Given:
Zeroes of a polynomial are –2, –4, –3 + 4i.
To find:
The polynomial function of least degree with real coefficients in standard form.
Solution:
According to the complex conjugate root theorem, if a complex number a+ib is a zero of a polynomial, then its conjugate a-ib is also a zero of than polynomial.
–3 + 4i is zero of the polynomial.
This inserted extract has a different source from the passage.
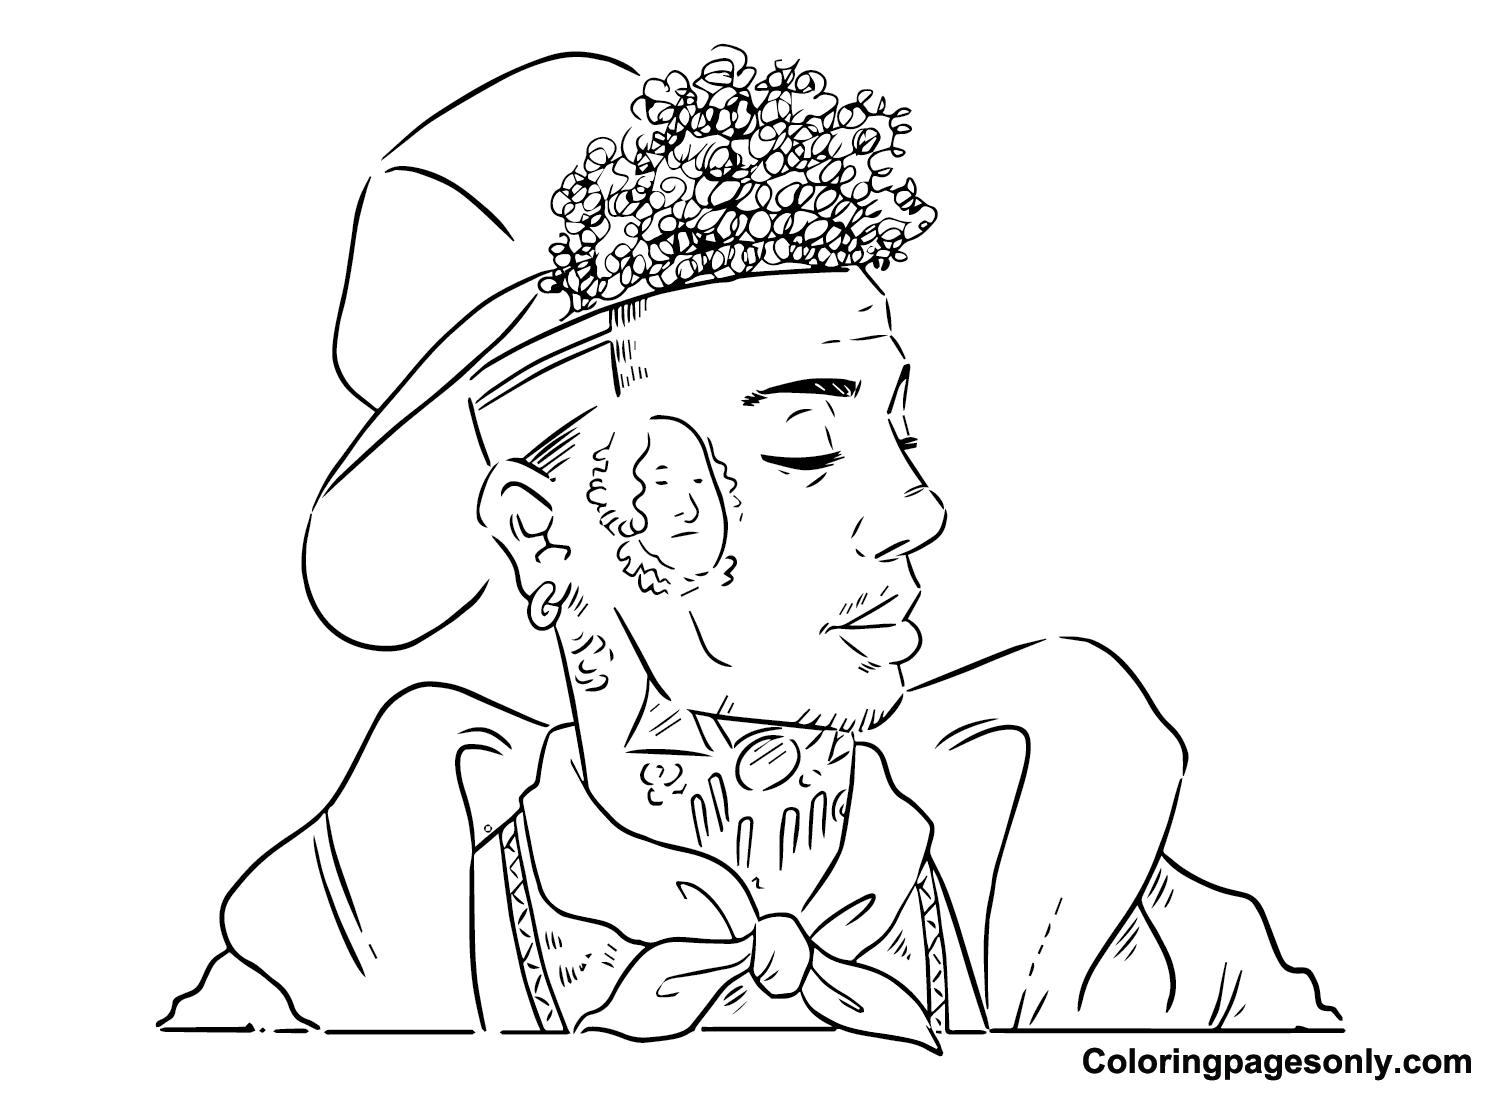 Amazing Blueface Coloring Pages

So, by complex conjugate root theorem -3-4i is also a zero of required polynomial.
If c is a zero of p(x), then (x-c) is a factor of p(x).
–2, –4, –3 + 4i, -3-4i are zeroes of the polynomials. So, (x+2), (x+4), (x+3-4i), (x+3+4i) are the factors of the required polynomial.
Let the required polynomial be p(x), so
[tex]p(x)=(x+2)(x+4)(x+3-4i)(x+3+4i)[/tex]
[tex]p(x)=(x^2+4x+2x+8)((x+3)^2-(4i)^2)[/tex] [tex][\because a^2-b^2=(a-b)(a+b)][/tex]
[tex]p(x)=(x^2+6x+8)(x^2+6x+9-16i^2)[/tex] [tex][\because (a+b)^2=a^2+2ab+b^2][/tex]
[tex]p(x)=(x^2+6x+8)(x^2+6x+9-16(-1))[/tex] [tex][\because i^2=-1][/tex]
[tex]p(x)=(x^2+6x+8)(x^2+6x+9+16)[/tex]
[tex]p(x)=(x^2+6x+8)(x^2+6x+25)[/tex]
[tex]p(x)=x^2(x^2+6x+25)+6x(x^2+6x+25)+8(x^2+6x+25)[/tex]
[tex]p(x)=x^4+6x^3+25x^2+6x^3+36x^2+150x+8x^2+48x+200[/tex]
Combining like terms, we get
[tex]p(x)=x^4+(6x^3+6x^3)+(25x^2+36x^2+8x^2)+(150x+48x)+200[/tex]
[tex]p(x)=x^4+12x^3+69x^2+198x+200[/tex]
Therefore, the required polynomial is [tex]p(x)=x^4+12x^3+69x^2+198x+200[/tex].